Friday, September 15, 2006

BeTTR Compatibility

I have installed the Beta Two Technical Refresh, and this morning fired up my contacts database in Access2007.

I am suddenly confronted with problems.

In fairness I must confess that my Access VBA skills are not as good as yours.

There may well be serious deficiencies in my code that have escaped notice until now, but today I am receiving warnings that were not in effect yesterday. The difference is that today I am running not the Beta2, but the patched version - BTTR.

For over a year (Access 2000 and on) I have used a routine that updates various date fields when I post a follow-up date into the future. The background receives a colour showing whether the date is in the future or the past.

Today Access 2007 tells me that it can't find the field, but clearly the View Immediate tells me that it can find the field.

The problem possibly lies in the "#Name?" value that has crept in there. Perhaps earlier versions of Access didn't mind that value, or perhaps earlier versions didn't produce that value. Please see "my Access VBA skills" above.

In desperation, I resort to On Error Resume Next.

Desperation because I'm scheduled to make telephone calls right now, not learn VBA programming (see? I'm no different from you; I have a job to do).

I hate On Error with a passion. To me it indicates one of three things:

Lack of professionalism in the programmer (that is my case here; I'm not yet prepared to work out why I'm getting a "Name?" value).

Lack of planning in the programmer (that is my case here; I had not planned for an event such as faulty input data, or whatever it is that triggers this data).
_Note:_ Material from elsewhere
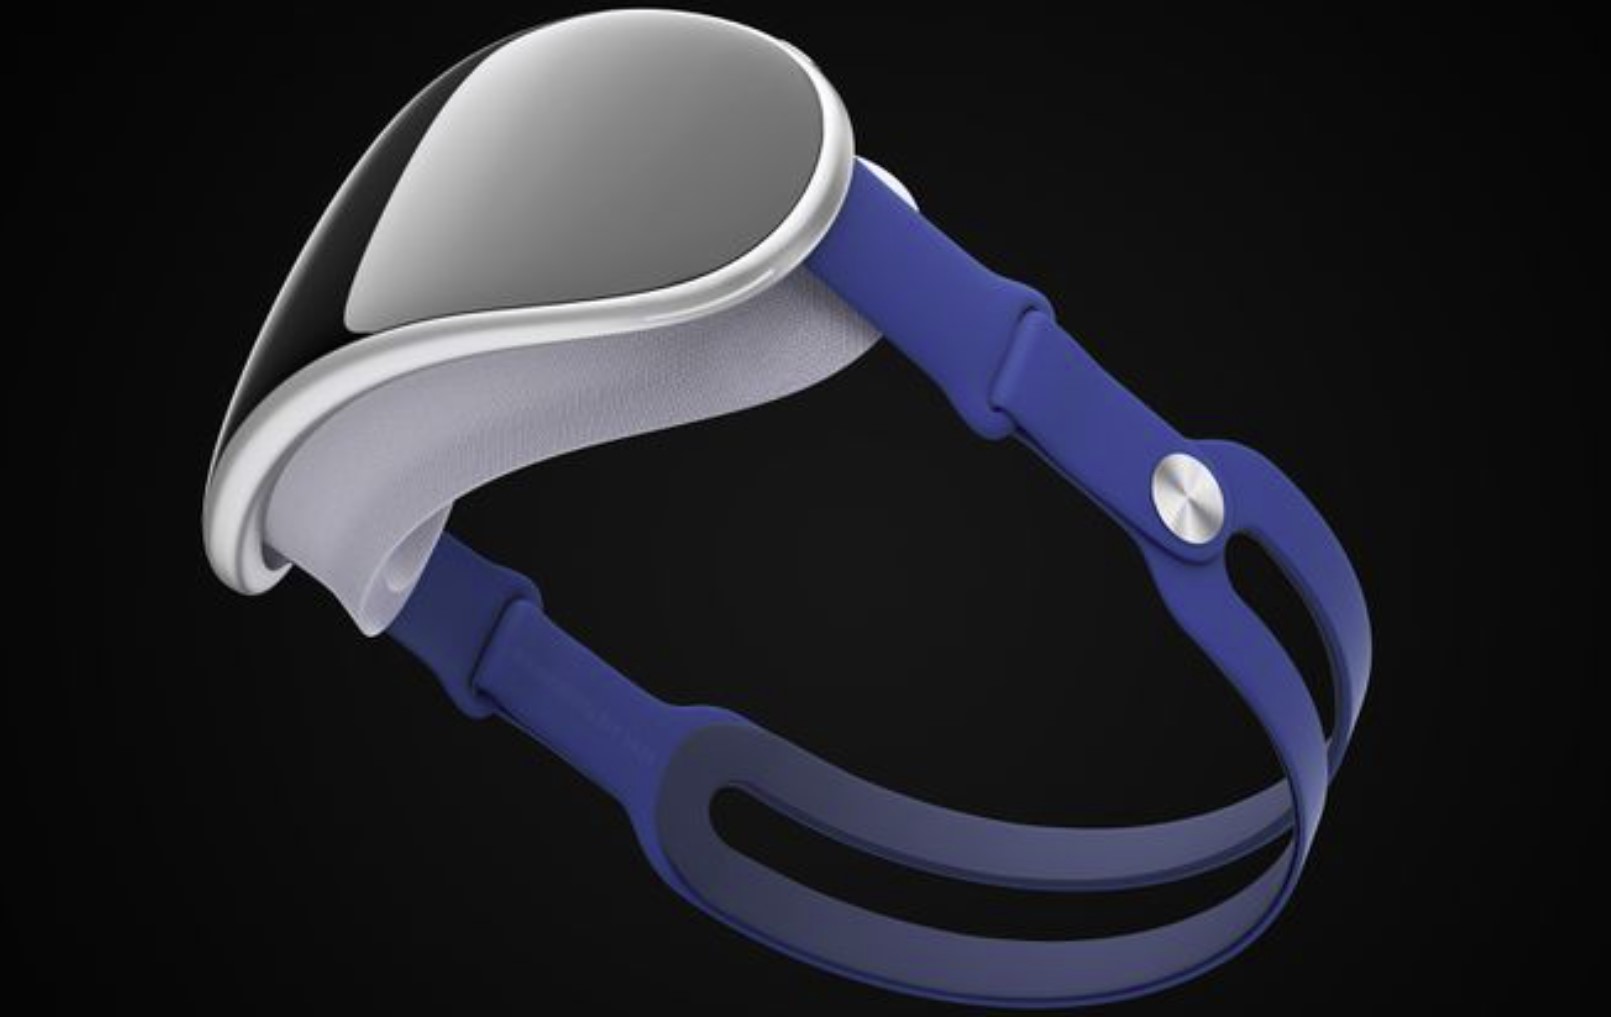 Marchio "realityOS" registrato da Apple, suggerimenti sul lancio imminente del visore AR/VR

Poor design in the product. I know that a good workman never blames his tools, but VBA provides no intrinsic function for testing a file's existence, or whether a project is password-protected, so we all resort to the trick of trying to do something and returning a trapped error if it fails.

Then it crops up again.

This time on a null field.

I'll swear I had no problem with this yesterday.

I could be wrong.

You knew this was going to happen.

On Error resume Next and a cheap'n'nasty Word macro, and we are back in business.

Baling Twine. We need more baling twine.

Sunday, September 10, 2006

Version Compatibility

I have been engaged in a mild debate over at Woody's Lounge regarding the various versions of Word. My incoming task was to obtain the most recently used file list for each and every version of Word from Office 2007 through Office 2007.

MRUse in its initial incarnation made use of the application object, its Recent Files list. That approach does not work when several versions of the application exist.

Dim xlApp As Excel.Application
Set xlApp = CreateObject("Excel.Application") ' gets me 9.0, but I want all!
Dim lng As Long
For lng = 1 To xlApp.RecentFiles.Count
Dim strFullName As String
strFullName = xlApp.RecentFiles(lng).Path


The code snippet above will always grab Excel 9.0's recent files if Excel 9.0 was the latest version (of 8.0, 9.0, 10.0, 11.0 and 12.0) to be loaded and used.

I need dive into the registry now, and that is what I do.

Dim lng As Long
For lng = lngLow To lngHigh
Dim strValue As String
strValue = strWeTrim(QueryValue(HKEY_CURRENT_USER, _
strKey, strValuePrefix & Trim(Str(lng))))


The debate does not quite rage, but if it did, it would rage over the issue of whether or not one can successfully run four versions of Office under a single operating system (Windows XP) on a single partition single-boot system.

Yes you can! I am doing just that.

I have a 2GB RAM 100GB drive laptop with Windows XP professional, and licensed copies of Office 97, Office 2000, Office 2003 and Office 2007 beta, installed in that sequence.

I can load a copy of each version of Word and thus have four versions of Word running on the machine.

Each version of Word uses the same default file locations for documents, Startup folder and so on, so each version of word exhibits and permits use of the applications (Under, Trail, Indxr and so on) that I have developed in Word VBA for end-users of Word.

The only annoyances I have spotted so far are:

From time to time Office 2000 or Office 2003 whips out its flashlight and looks for something. I think it thinks it is "repairing" the registry because a different version of Office has just "repaired" it back to its own devices.

From time to time my Toolbars Best Fit macro doesn't. I will look into this. I suspect it will be found as a programming error on my part.


Apart from that, I can't see any major conflict that faces me, as a developer of VBA applications in multiple versions of Office.